## Directions for this task
Transcribe every line of the material below without change, apart from dropping the pictures.

## Source material
>>

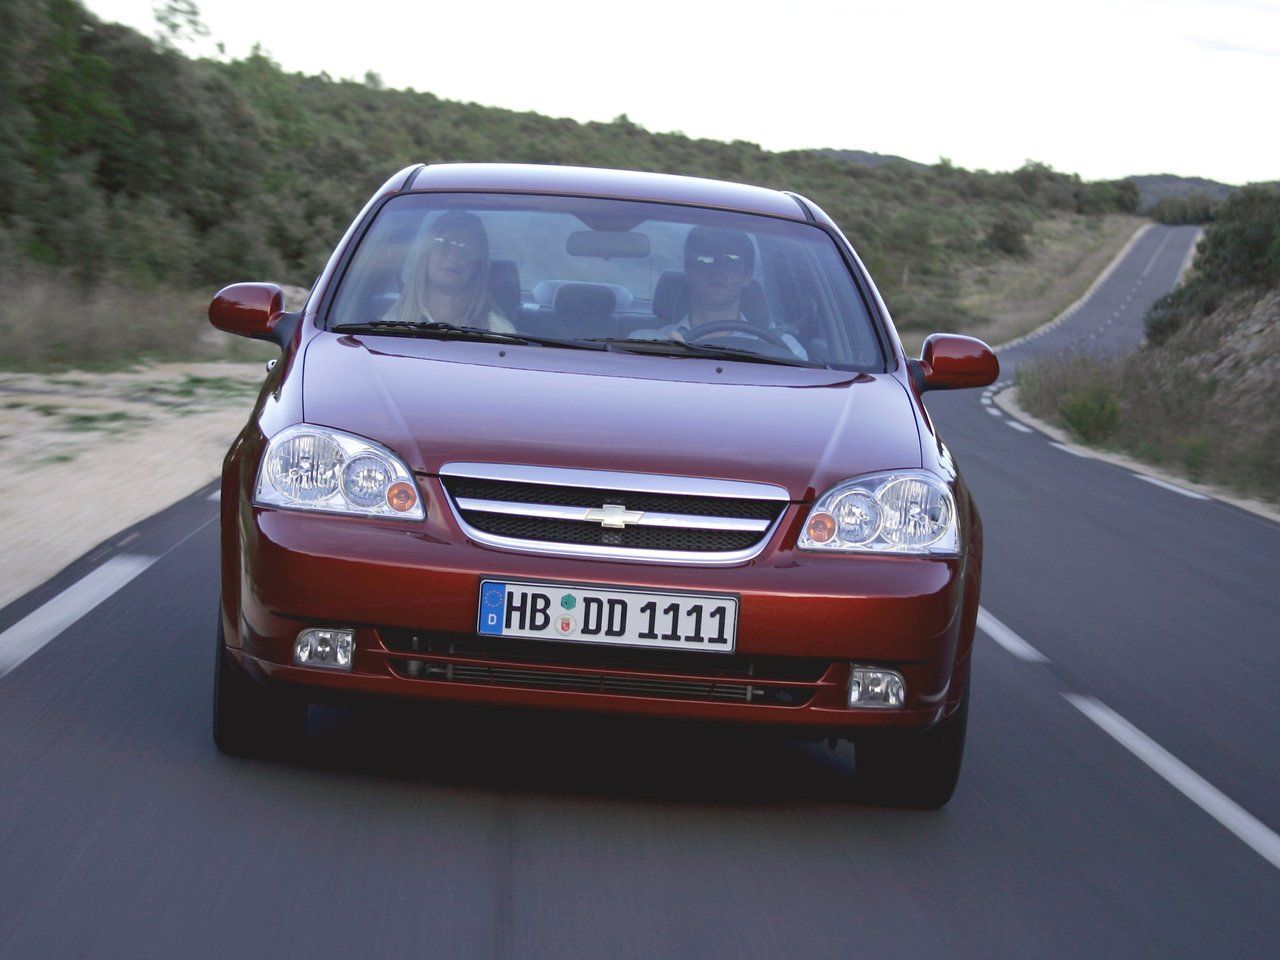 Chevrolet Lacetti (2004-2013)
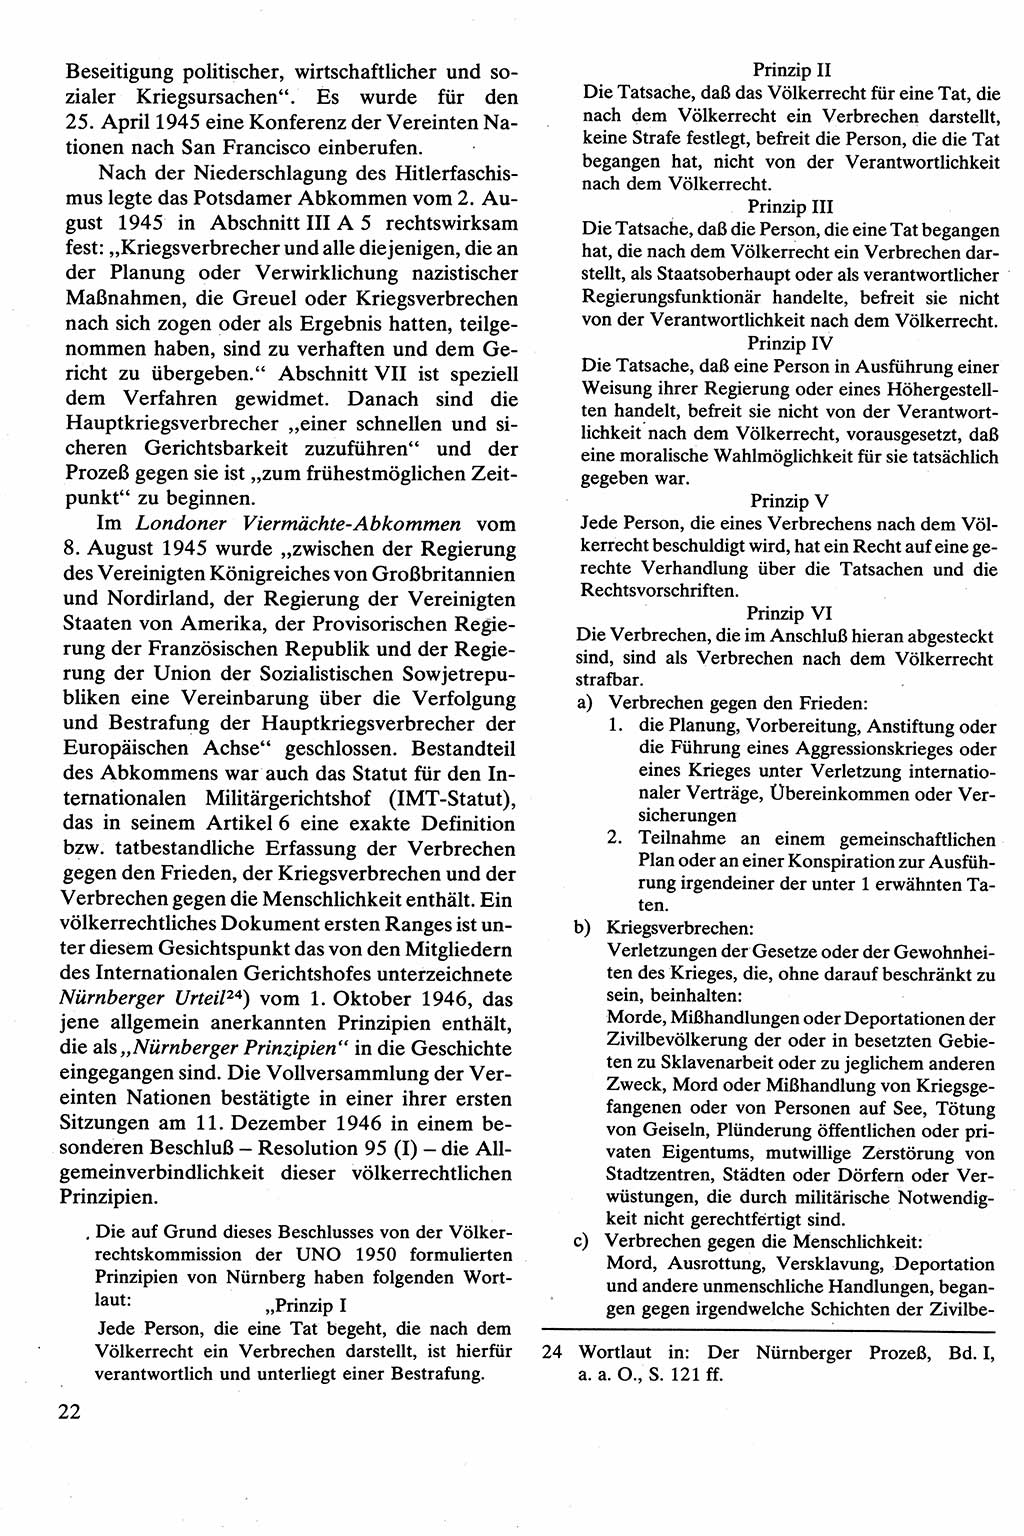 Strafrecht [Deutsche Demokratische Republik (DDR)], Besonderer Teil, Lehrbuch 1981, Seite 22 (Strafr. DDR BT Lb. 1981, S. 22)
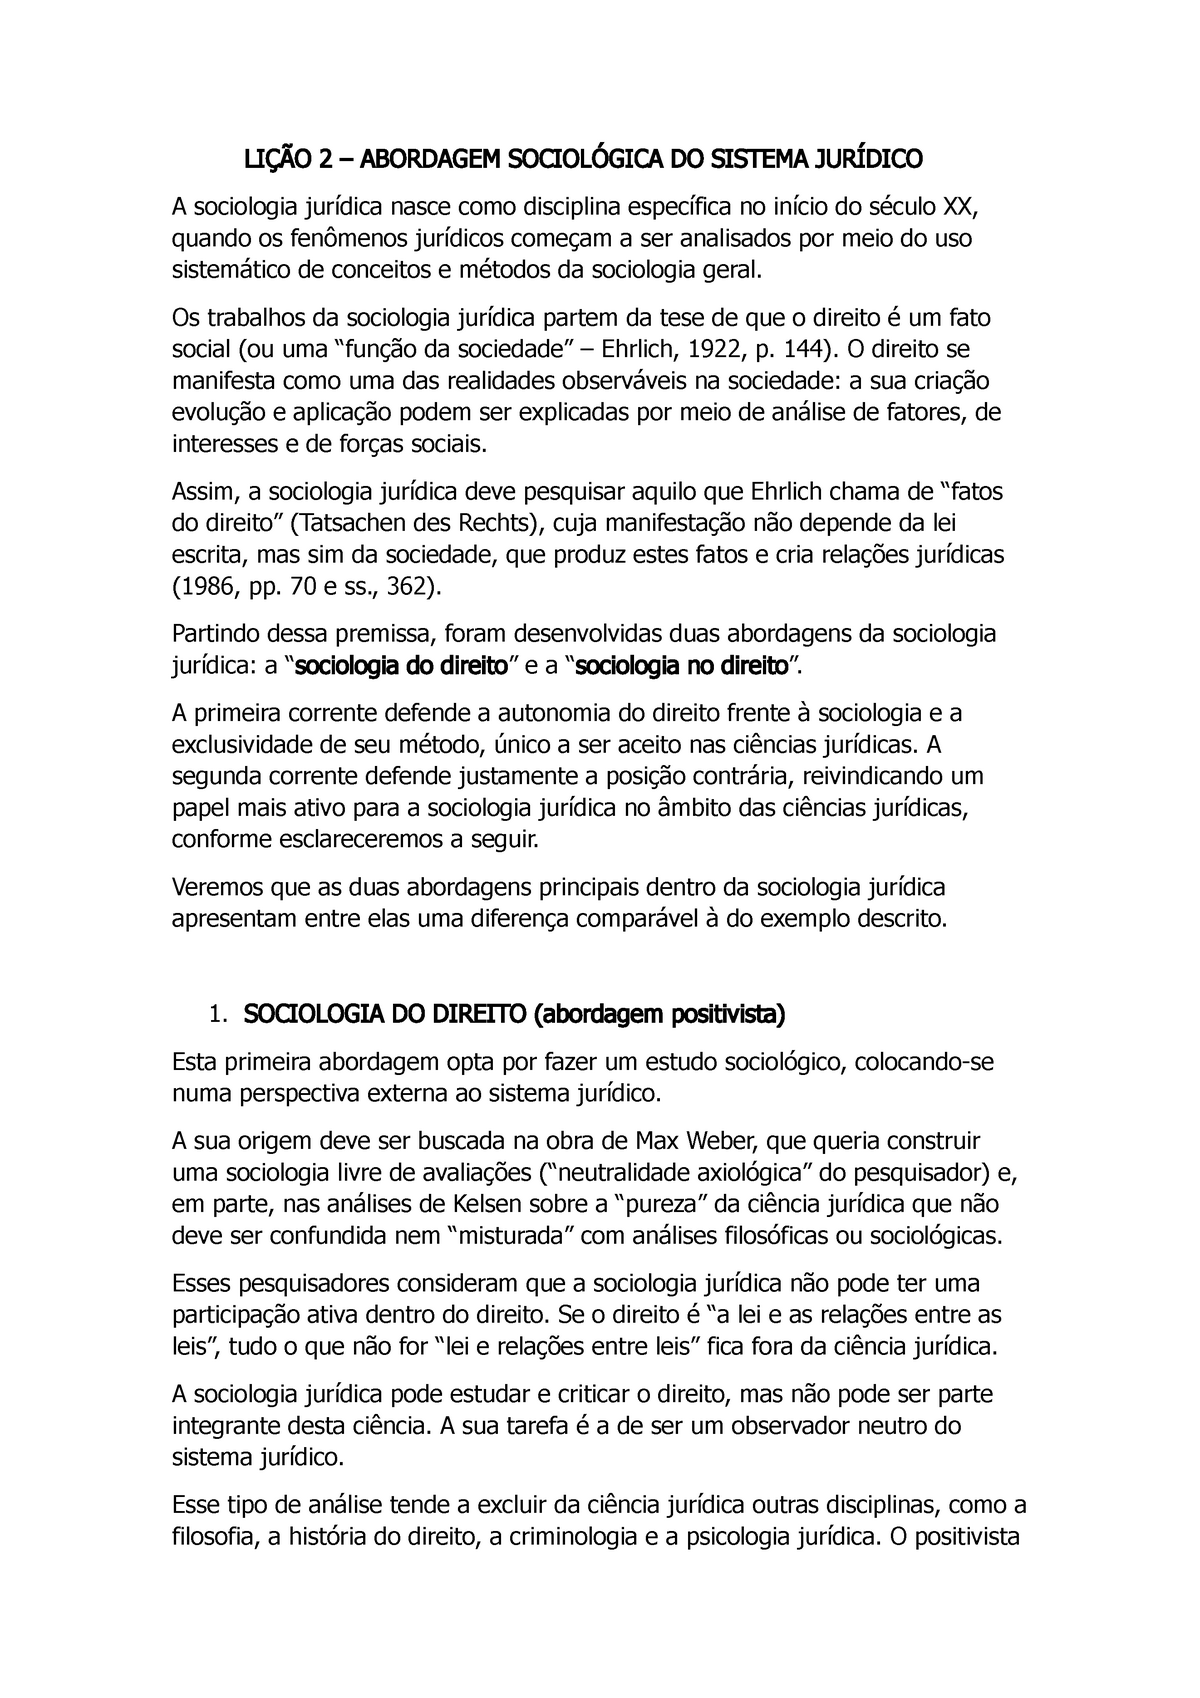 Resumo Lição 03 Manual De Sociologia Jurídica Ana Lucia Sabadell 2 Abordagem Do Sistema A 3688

<<

## Your response
 Chevrolet Lacetti (2004-2013)
 Strafrecht [Deutsche Demokratische Republik (DDR)], Besonderer Teil, Lehrbuch 1981, Seite 22 (Strafr. DDR BT Lb. 1981, S. 22)
 Resumo Lição 03 Manual De Sociologia Jurídica Ana Lucia Sabadell 2 Abordagem Do Sistema A 3688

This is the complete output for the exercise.